*** Raw data

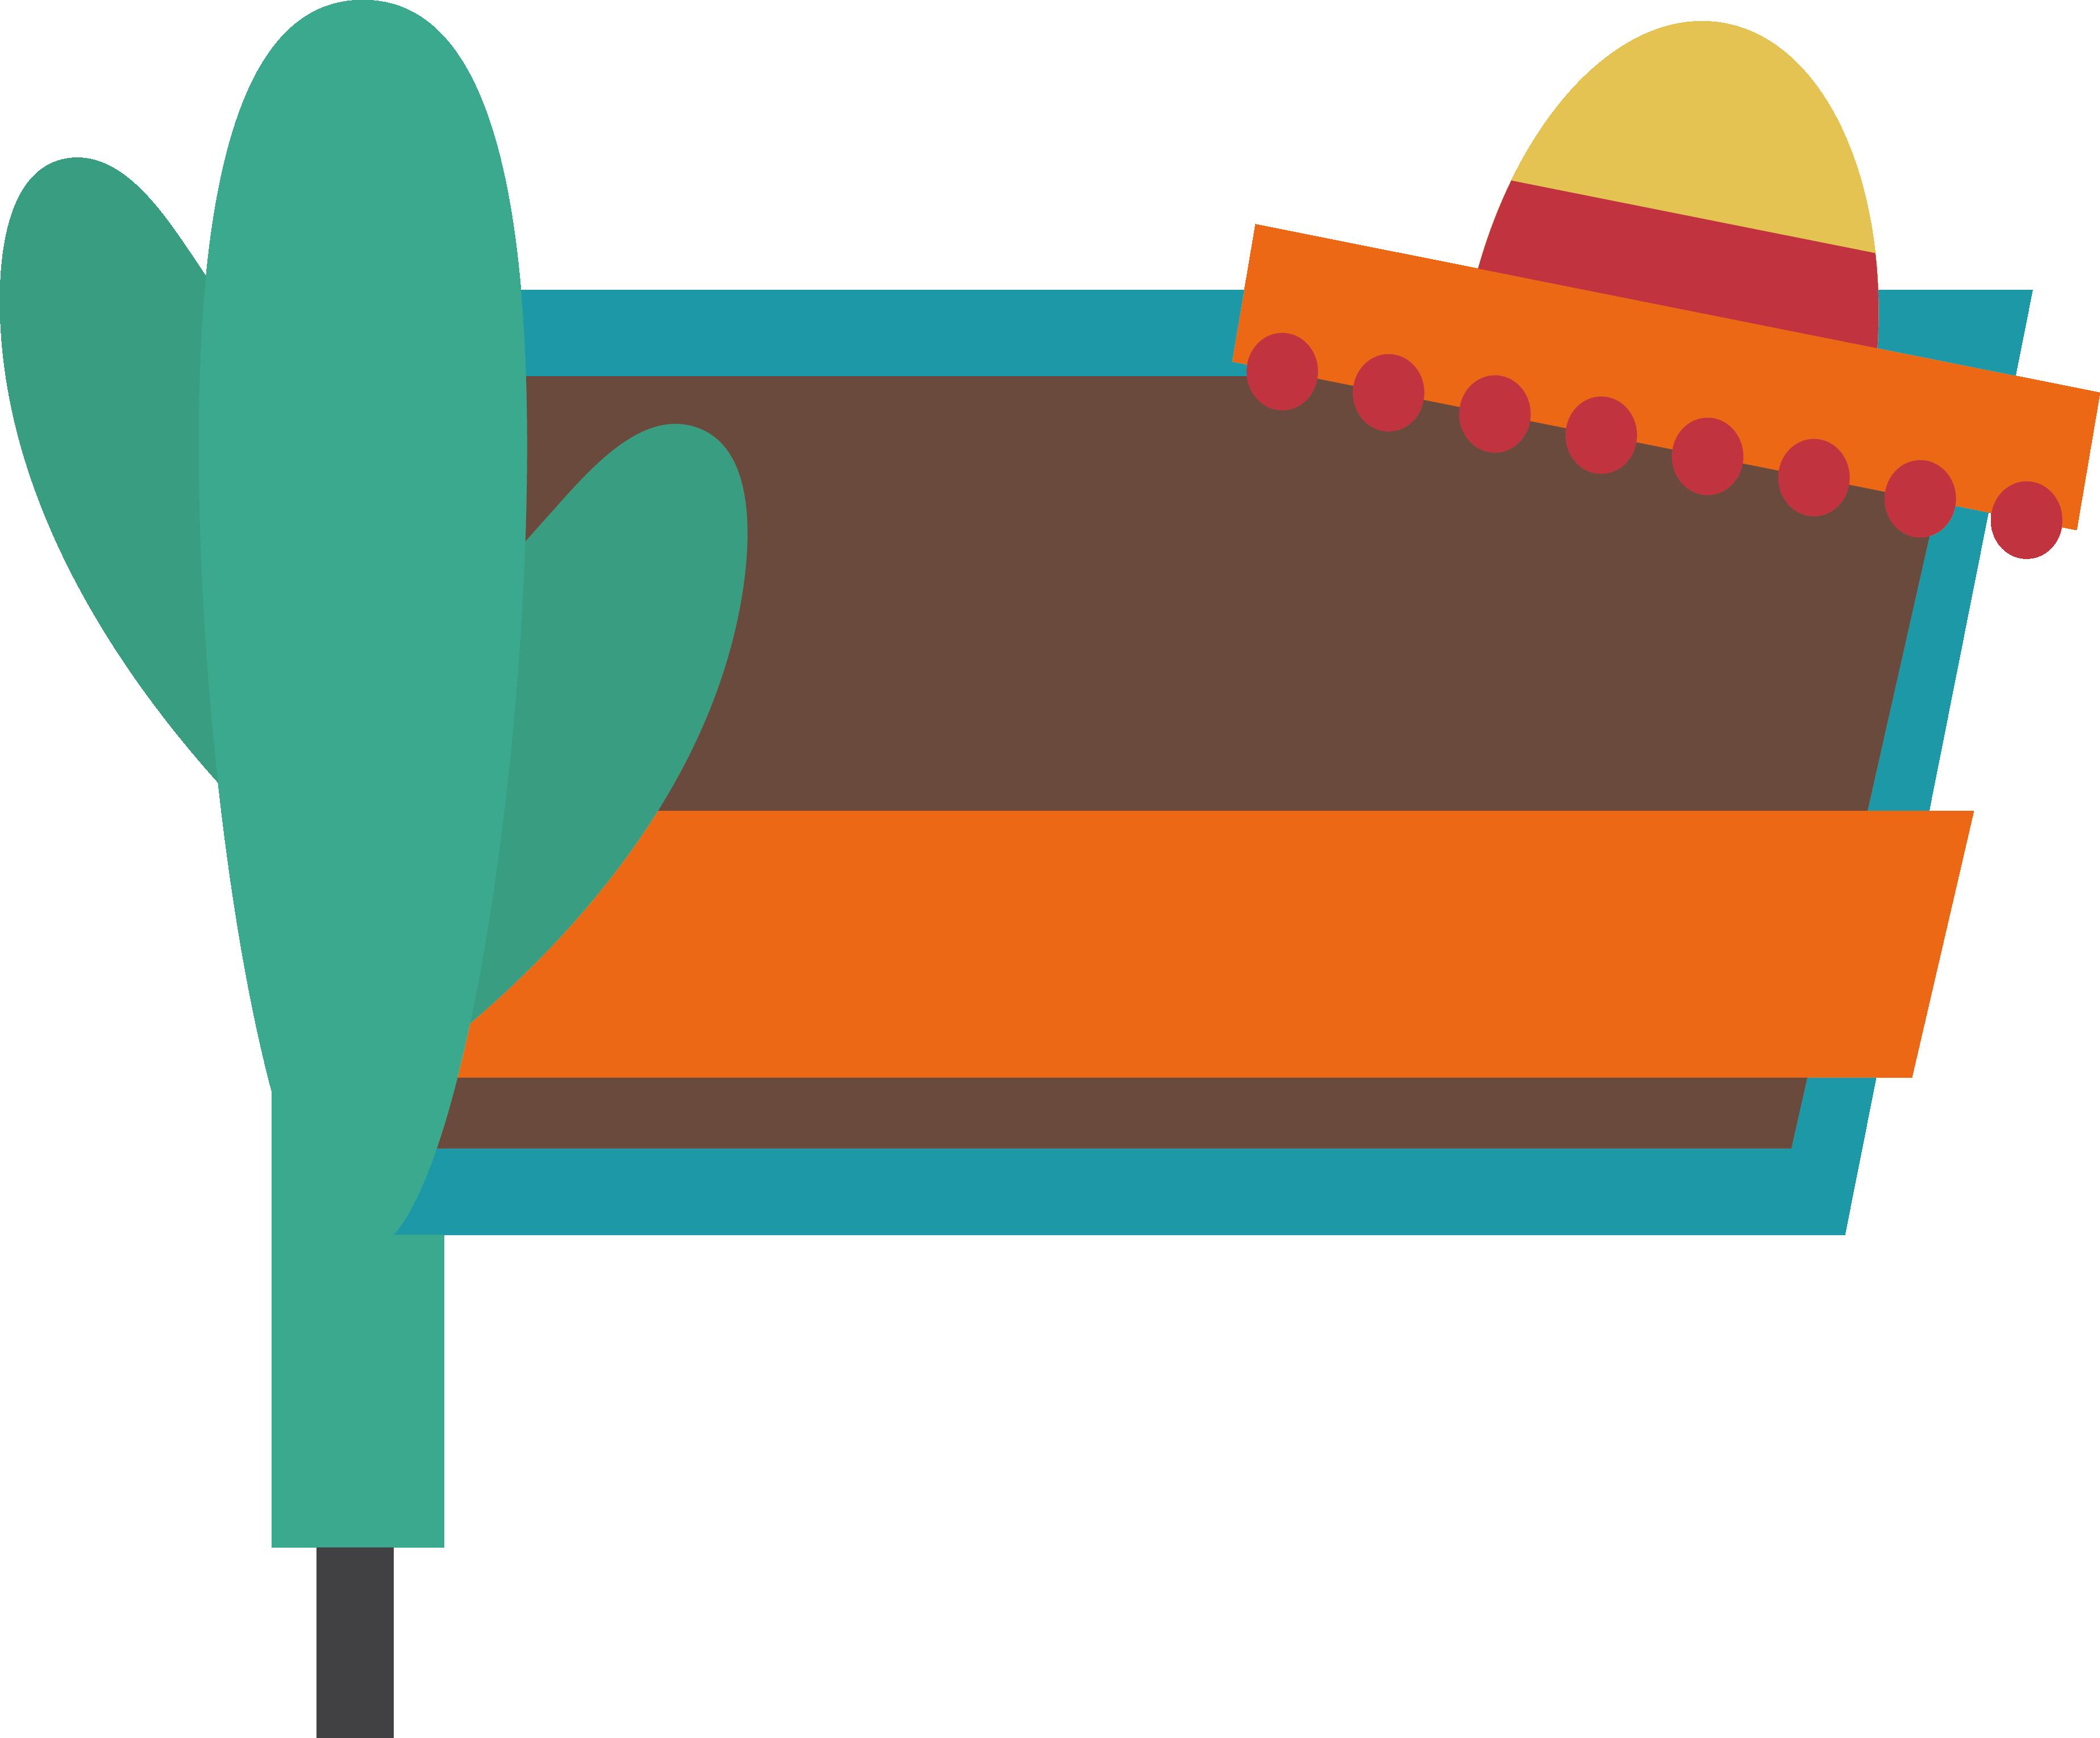 Furniture clipart adobe illustrator. Clip art cactus straw
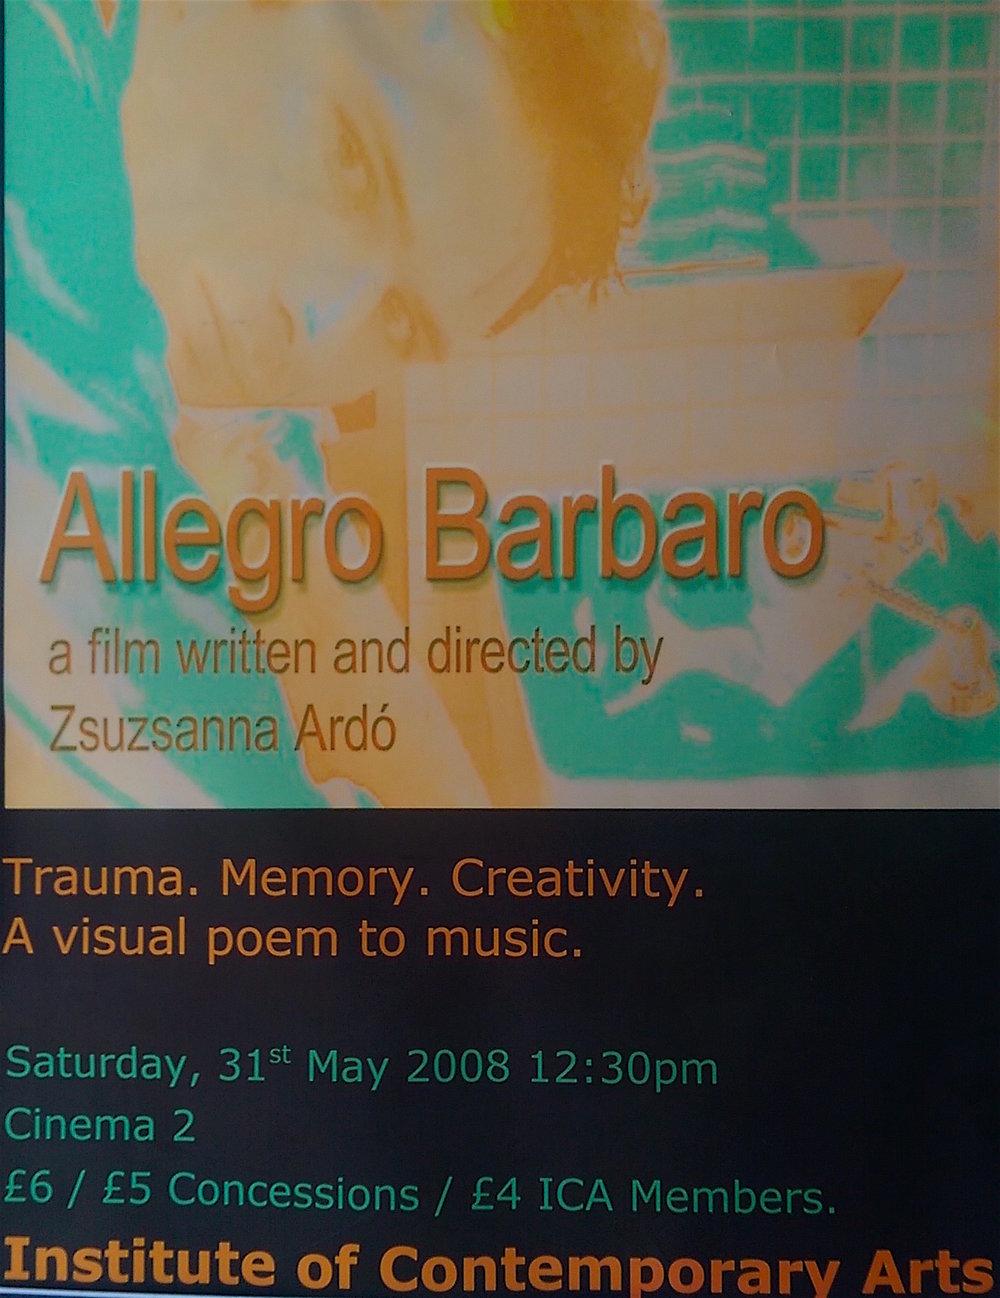 08 uk lon ica Allegro barbaro screening poster©Ardó.jpg
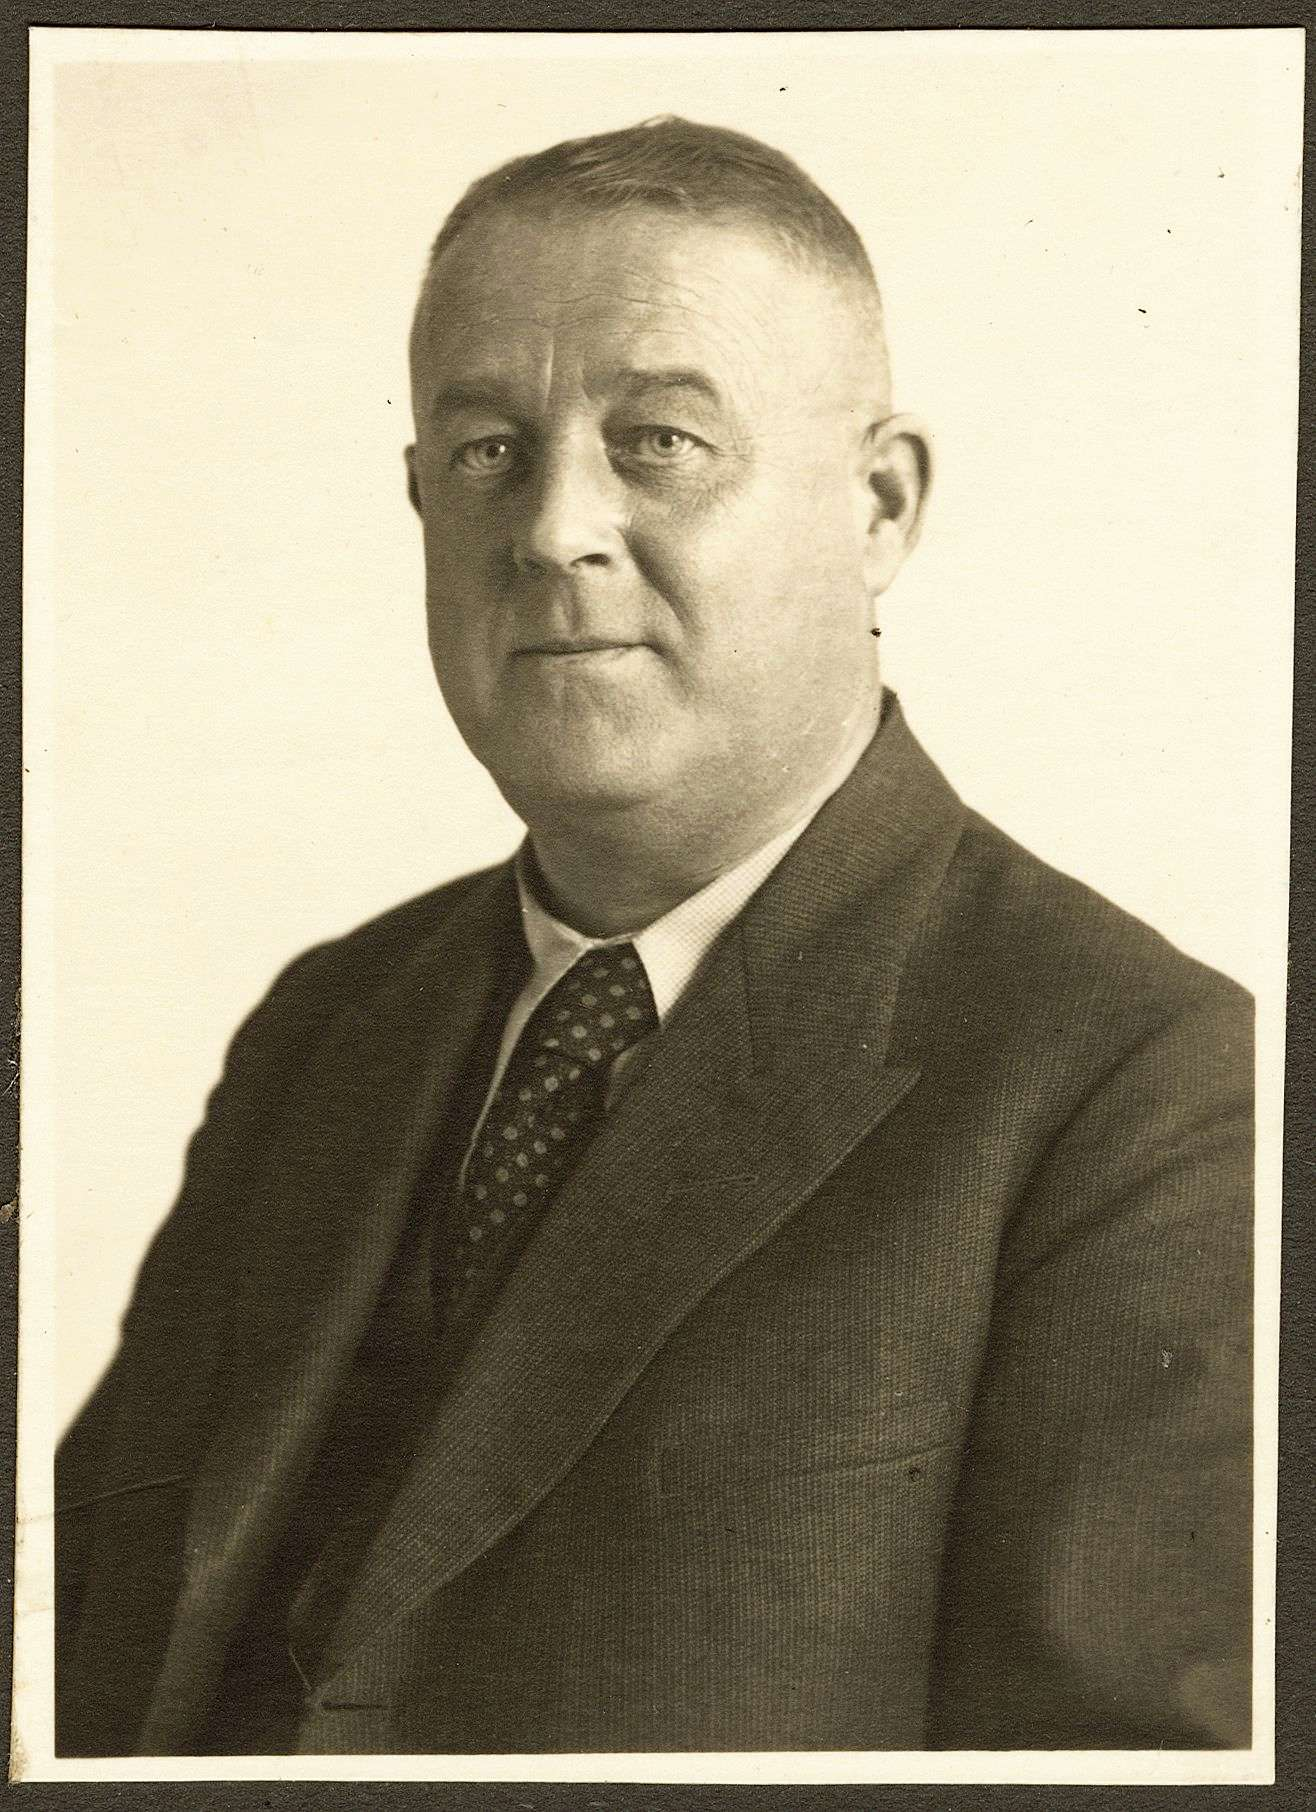 Döttinger, Heinrich, Bild 1

******

Leaving out the pictures, restate the listing above exactly.

[Exercise response]:
 Furniture clipart adobe illustrator. Clip art cactus straw
 08 uk lon ica Allegro barbaro screening poster©Ardó.jpg
 Döttinger, Heinrich, Bild 1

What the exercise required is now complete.